-- Problem statement --
The answer must restate the listing word for word, without its images.

-- Dataset section --
☆ ☆ ☆ ☆ ☆

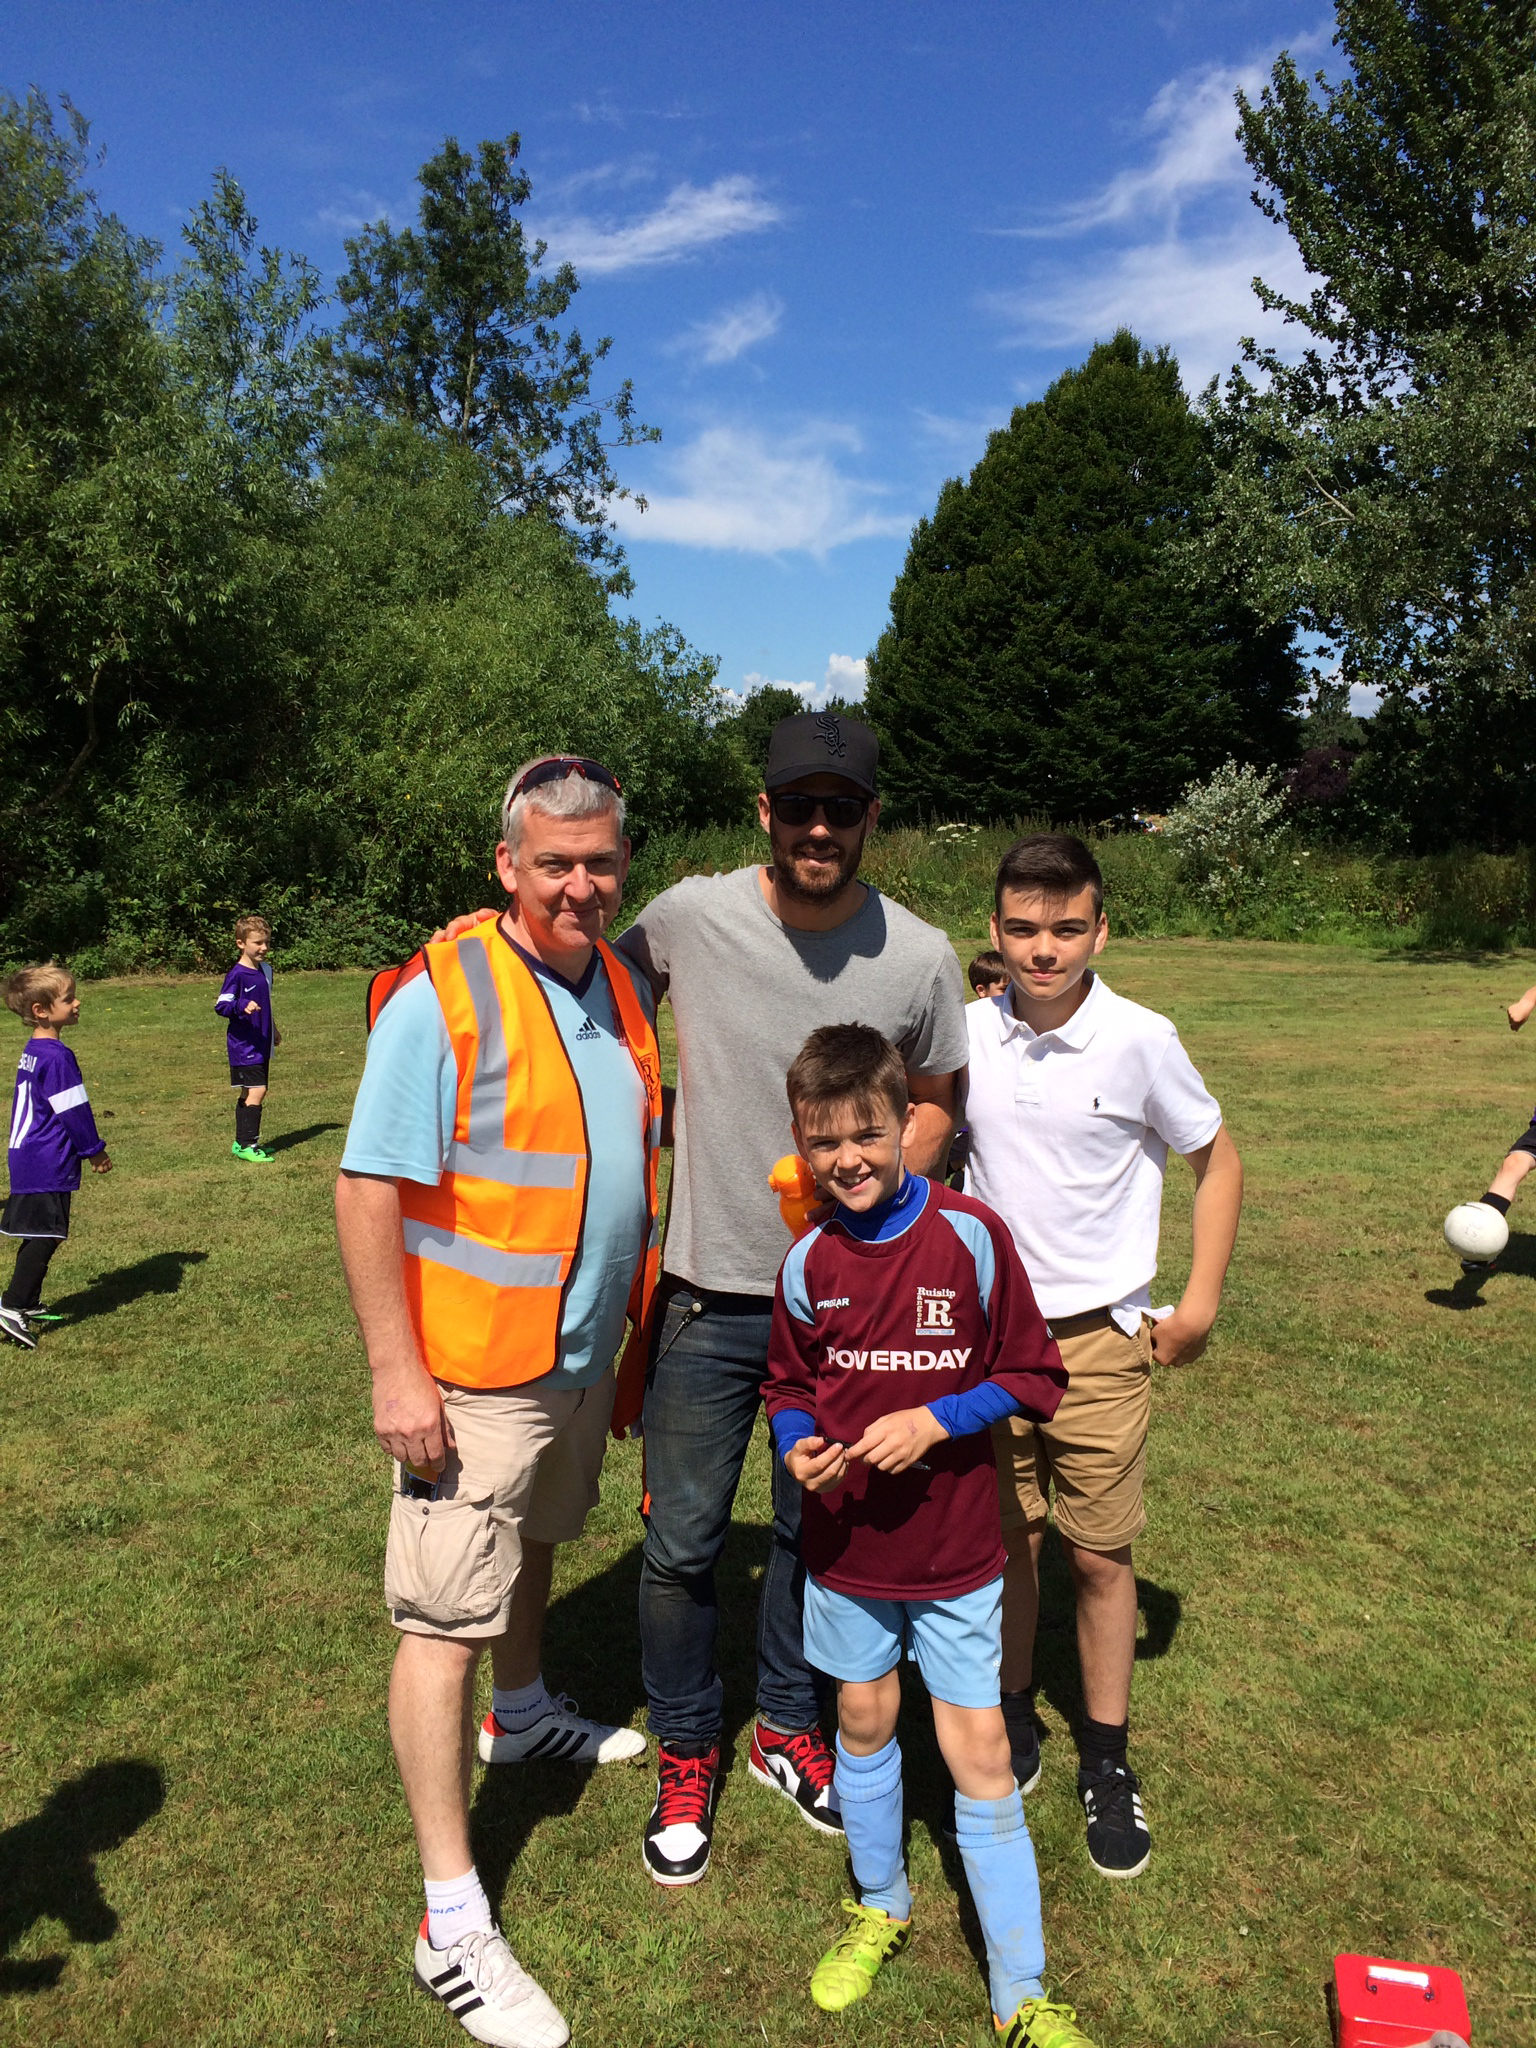 John, Michael and Sean Gowen meet Jamie Redknapp at our tournament in June 2014
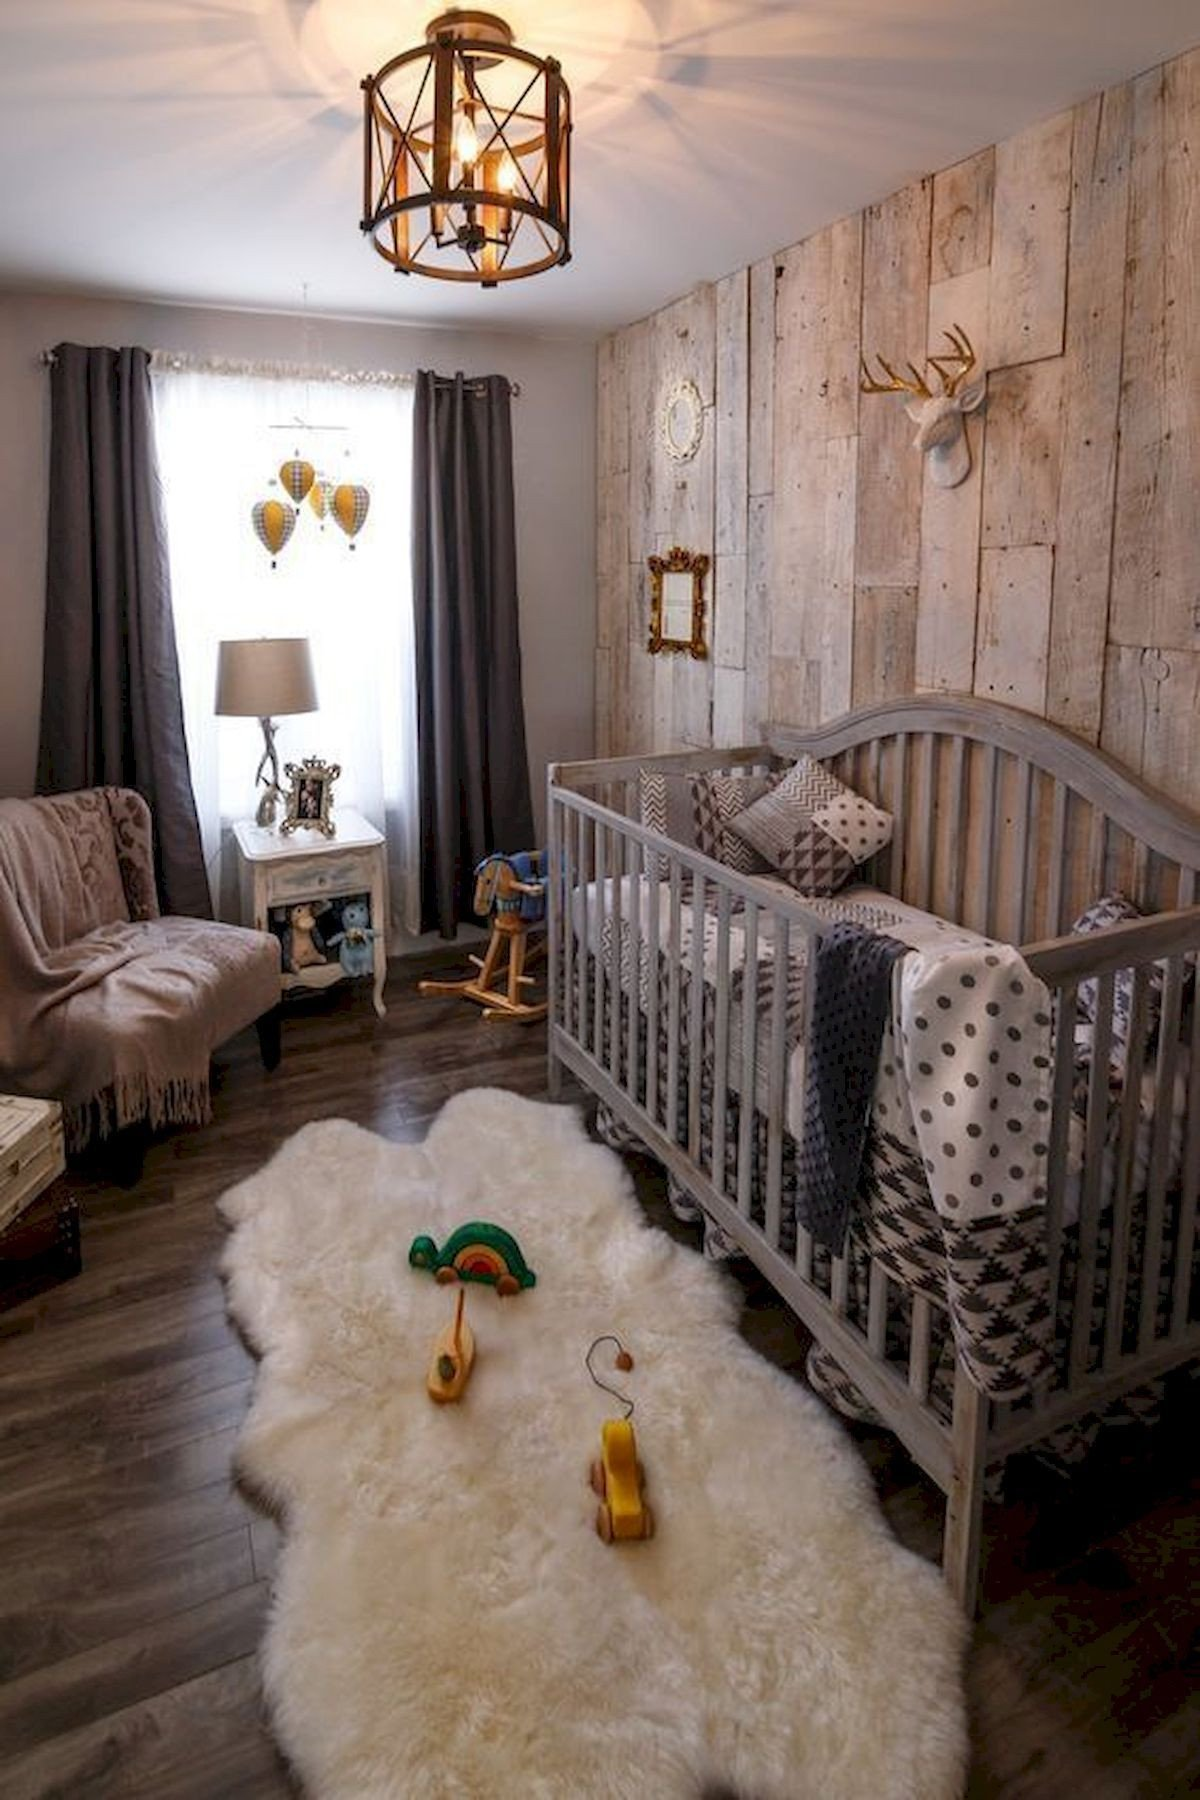 Boy Baby Bedroom Ideas Elegant 30 Adorable Rustic Nursery Room Ideas Room Ideas
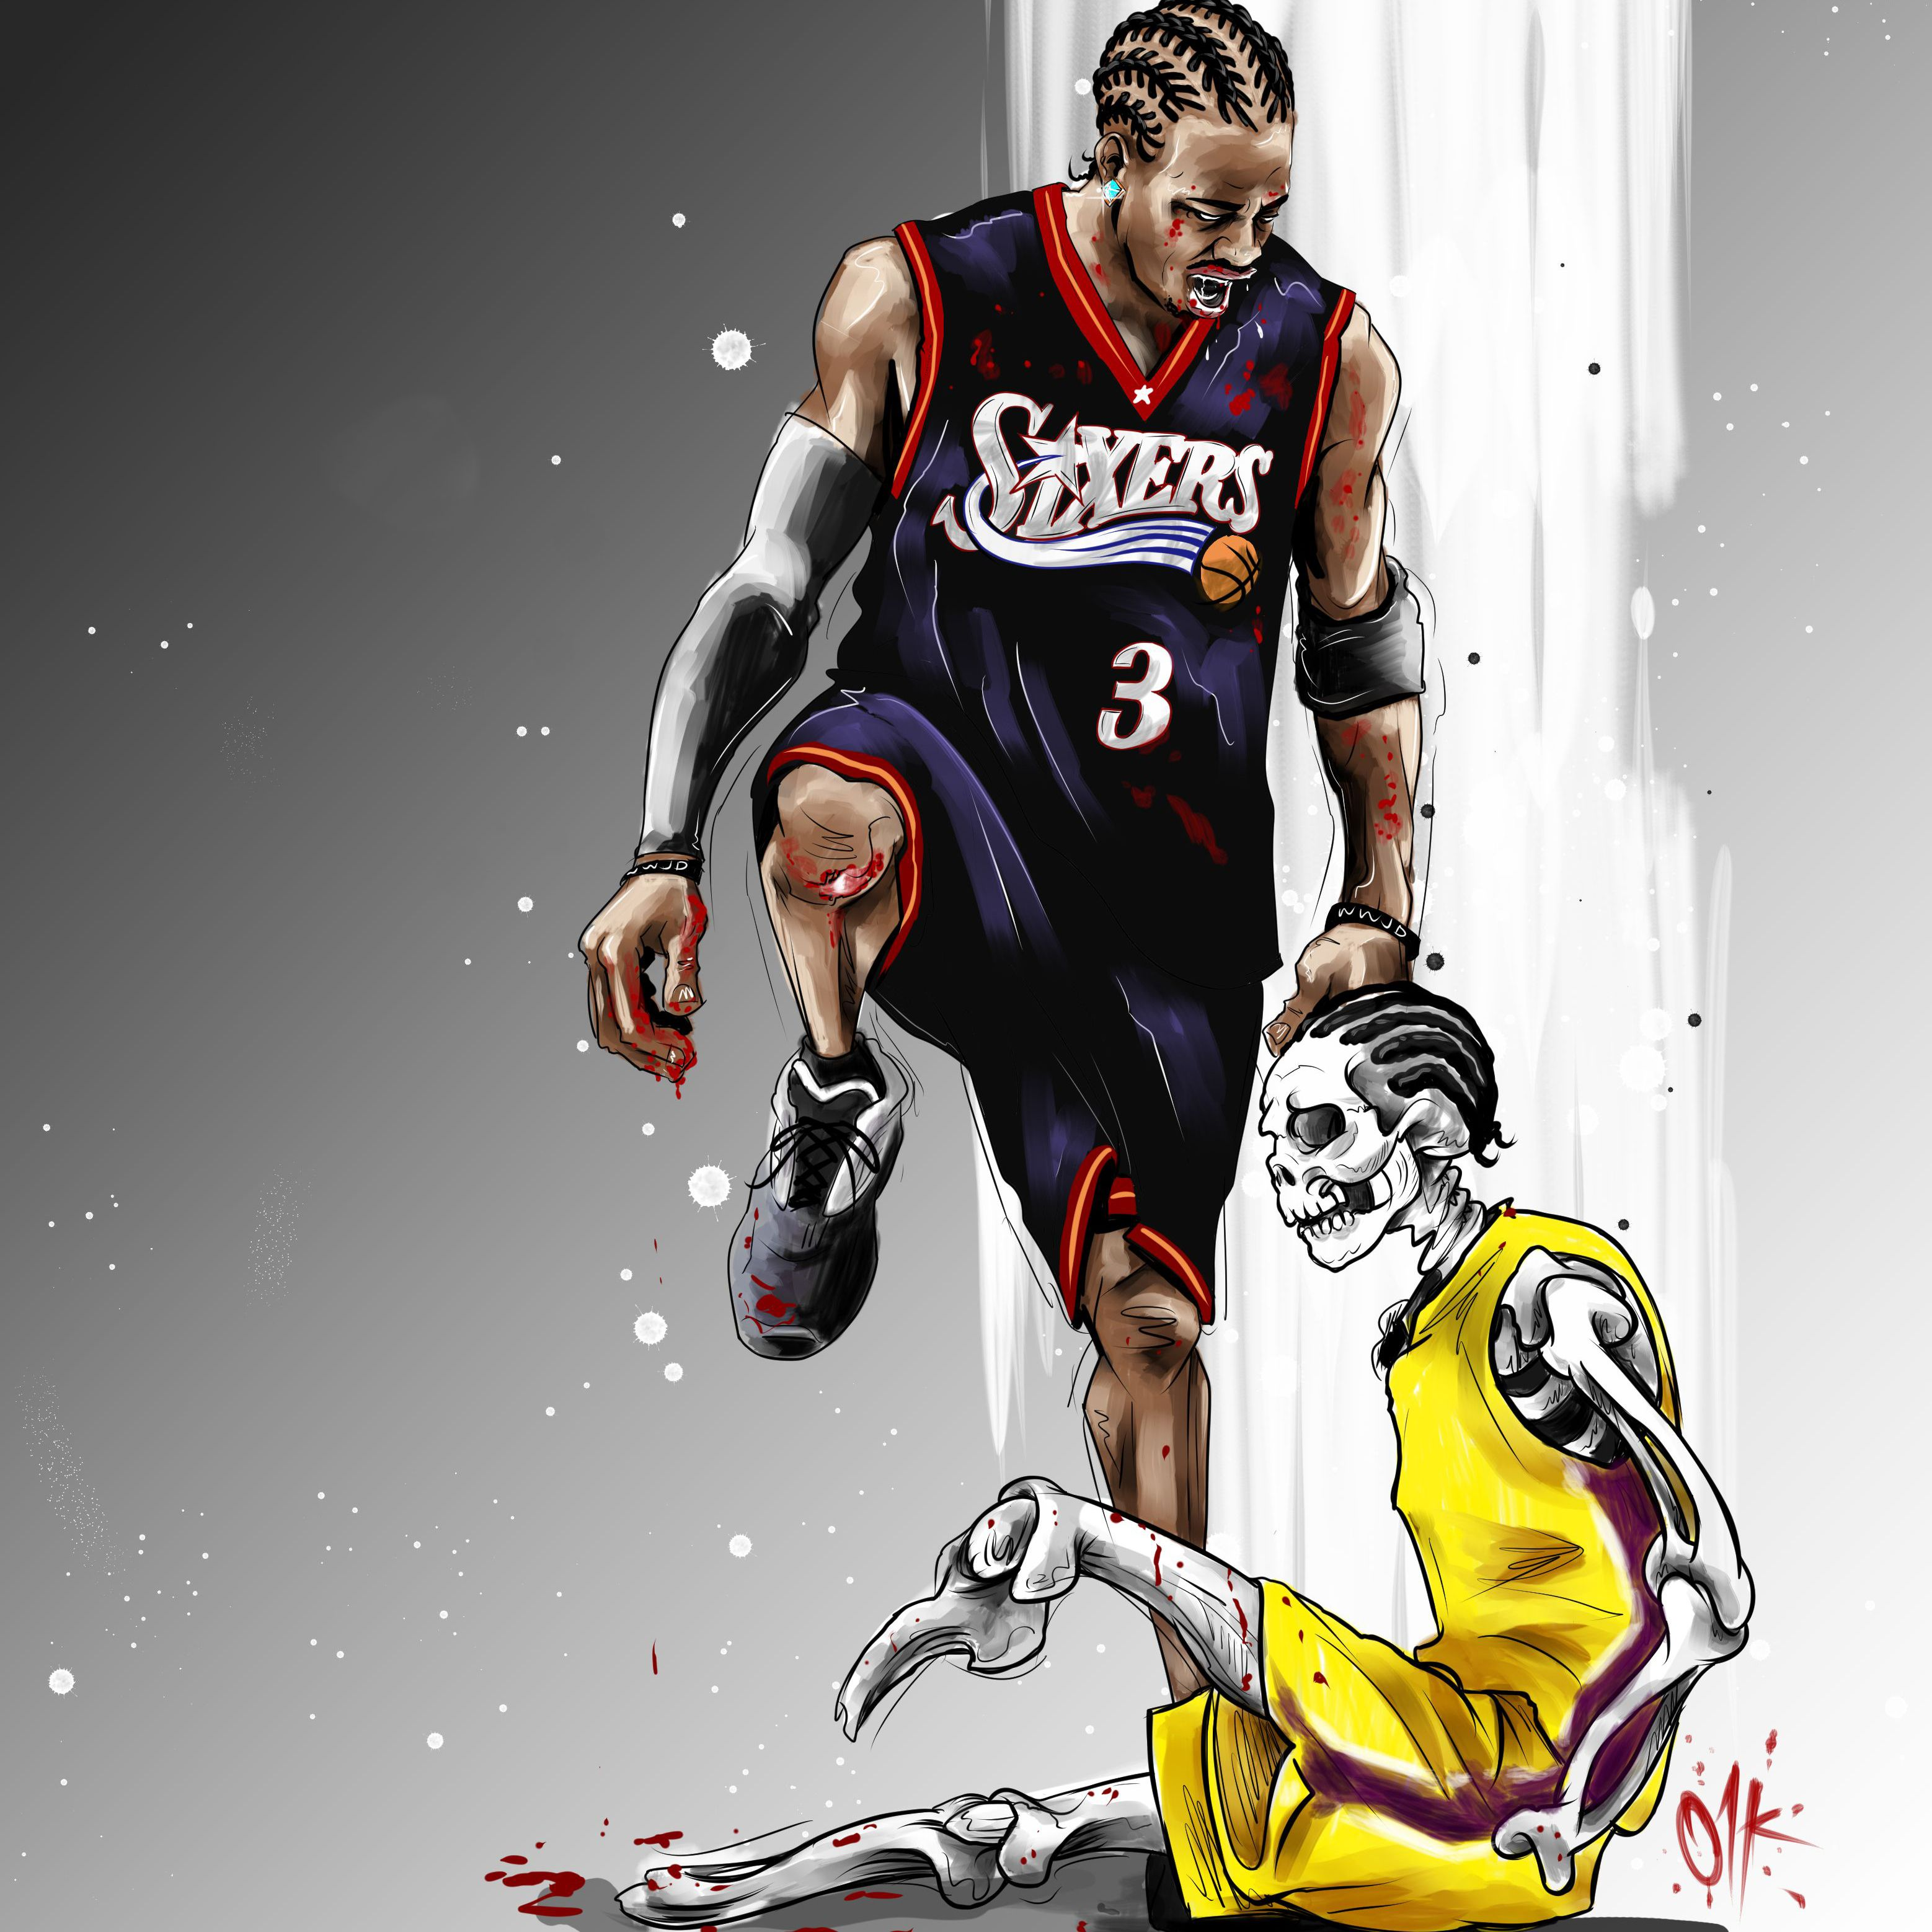 Allen Iverson Stepover In 2020 Allen Iverson Nba Basketball Art Nba Pictures

☆ ☆ ☆ ☆ ☆

-- Exercise output --
 John, Michael and Sean Gowen meet Jamie Redknapp at our tournament in June 2014
 Boy Baby Bedroom Ideas Elegant 30 Adorable Rustic Nursery Room Ideas Room Ideas
 Allen Iverson Stepover In 2020 Allen Iverson Nba Basketball Art Nba Pictures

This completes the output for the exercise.